High-Speed Rail: A Bad Idea But Not "Soviet"
Not so long ago, the American Right was distinguished by its moral clarity. Recall that in 2005, in the face of Democratic demands that the US “engage” with North Korea, George W. Bush replied that, no thanks, but he “hated” Kim Jong Il. (The North Korean dictator merits no other reaction from people of sound mind.) Or remember Bush envoy Karen Hughes’ visit to Saudi Arabia in the same year, in which she expressed her belief that Saudi women ought to enjoy the same rights as their American counterparts, and thereby invited the ire of many on the relativist Left. And while we often hear that Chinese people “don’t care about human rights or democracy and only want economic growth,” Bush gave the lie to this pernicious nonsense in 2008 by meeting with five dissidents prior to the Olympics.
But the Right’s recognition of simple distinctions – democracy is morally preferable to dictatorship, women’s rights should be universal, Bush isn’t Hitler – has eroded substantially in the two years since President Obama was inaugurated. And sadly, this moral rot is not confined to deranged lunatics on the street corner brandishing “Obama Is A Communist” placards – or to Michael Savage. (But I repeat myself.)
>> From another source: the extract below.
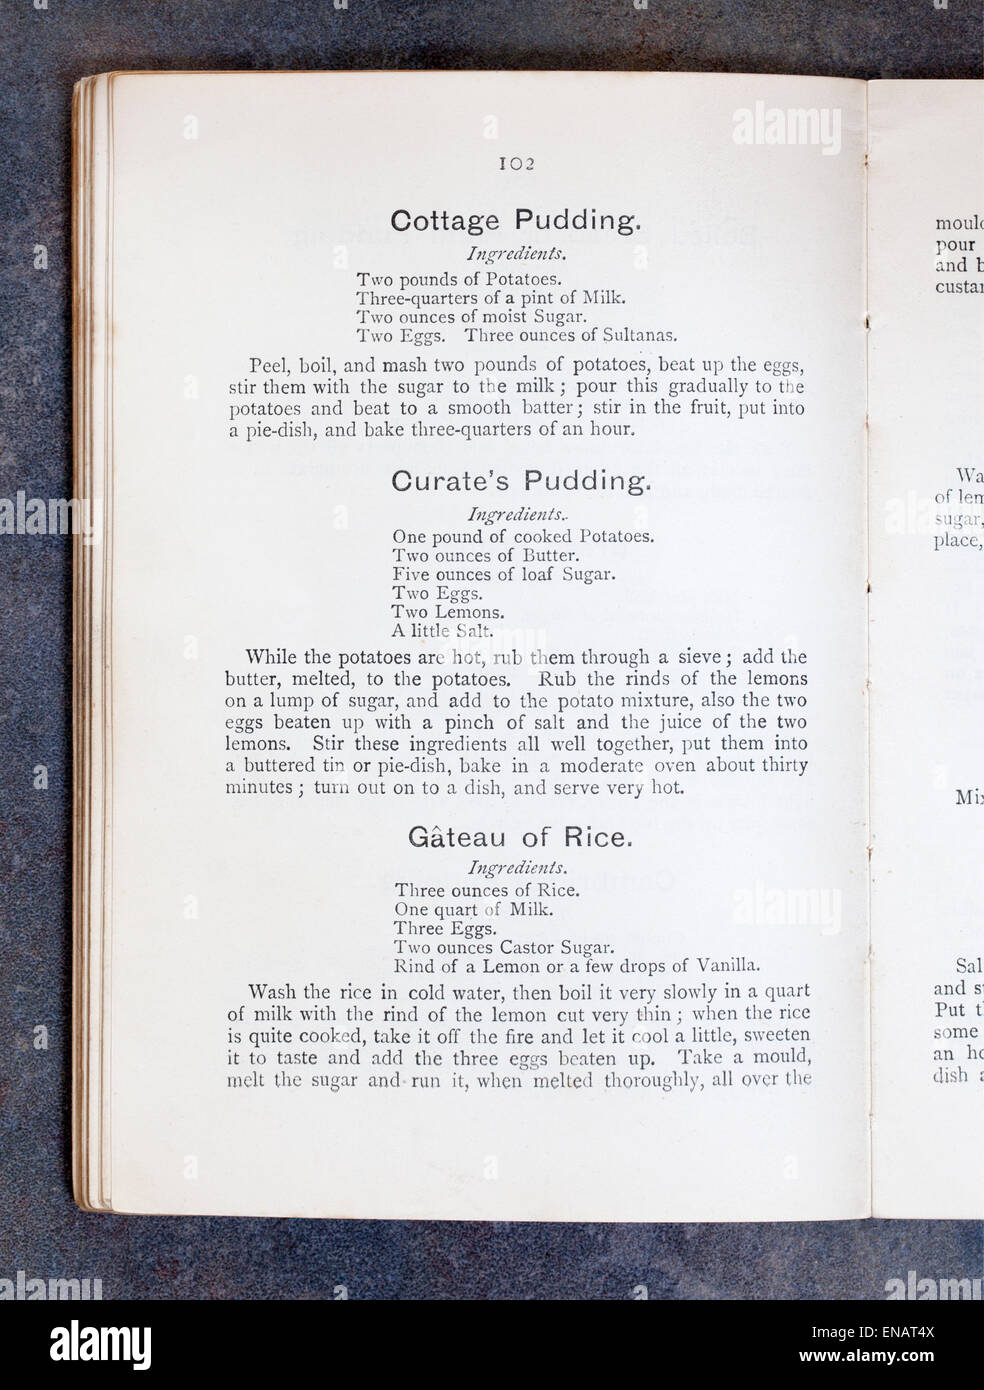 Ferienhaus Pudding, kuratiert Pudding und Gateau von Reis Rezepte aus einem alten Jahrgang Kochbuch Stockfoto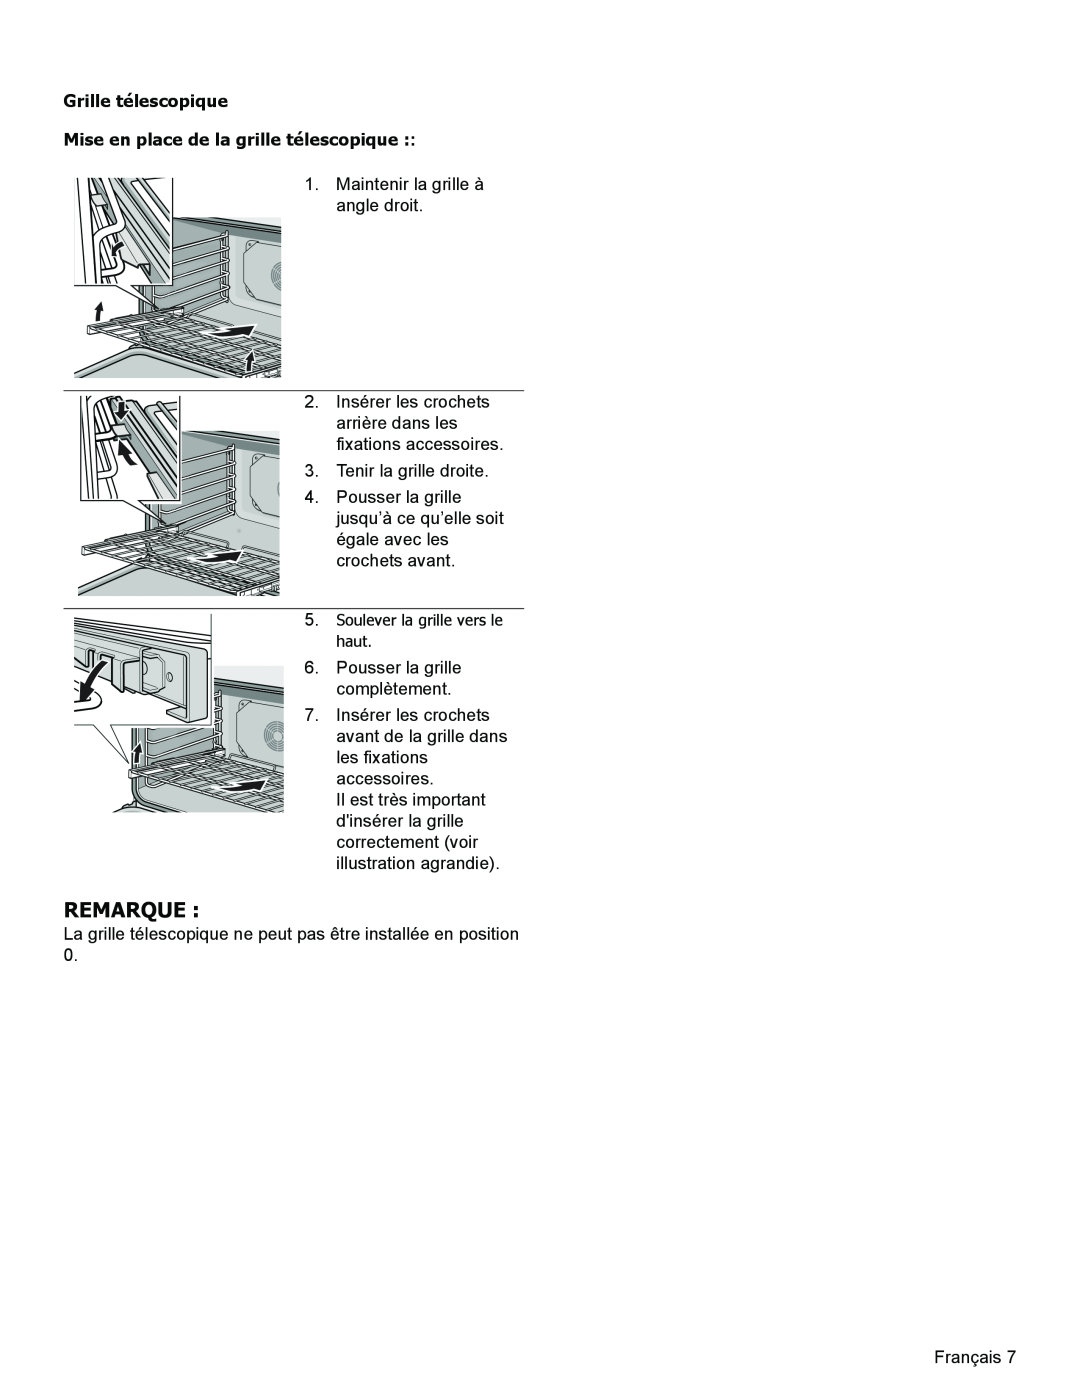 Thermador PODM301, PODMW301 manual Remarque, Grille télescopique, Mise en place de la grille télescopique

Consider, as a case in point, recent remarks by Republican Representative John Mica, the chairman of the House Transportation Committee. According to the Christian Science Monitor, in discussing the Obama Administration’s push for funding for high-speed rail, Representative Mica likened public funding for rail to the Soviet Union. This statement is illogical and misleading in the fullest: essentially all nations with rail networks receive some degree of public investment. There is nothing distinctly Soviet about the practice. (Note bene: I’m more with Michael Barone on high speed rail than Michael Stafford.) But I suspect Mica knows exactly what he’s saying when he compares public investment in rail to the Soviet Union instead of, say, Japan. He is attempting to conjure up the horrifying images that Americans associate with life under Communist dictatorship.
Note the moral dimension of Mica’s statement. It seems silly to have to point this out to a member of the United States Congress, but what made the Soviet Union distinctly evil was gulags, suppression of religion, starvation, obliteration of private enterprise, and the torture of dissidents -- not the public funding of rail networks. Likewise, right-minded people despise Kim Jong Il’s regime because it turns citizens into slaves, not because it funds public television stations. Consider another possible application of Mica’s logic: Hitler and the Nazis built the German autobahn. Eisenhower built the American interstate highway system. Therefore, Eisenhower was employing “Nazi-style” policies.
But Mica’s statement does not indicate mere illogic. It demonstrates a moral myopia no better that of the residents of Boulder, Santa Cruz, and North Hampton who brayed that they were living under a fascist dictatorship when Bush was president.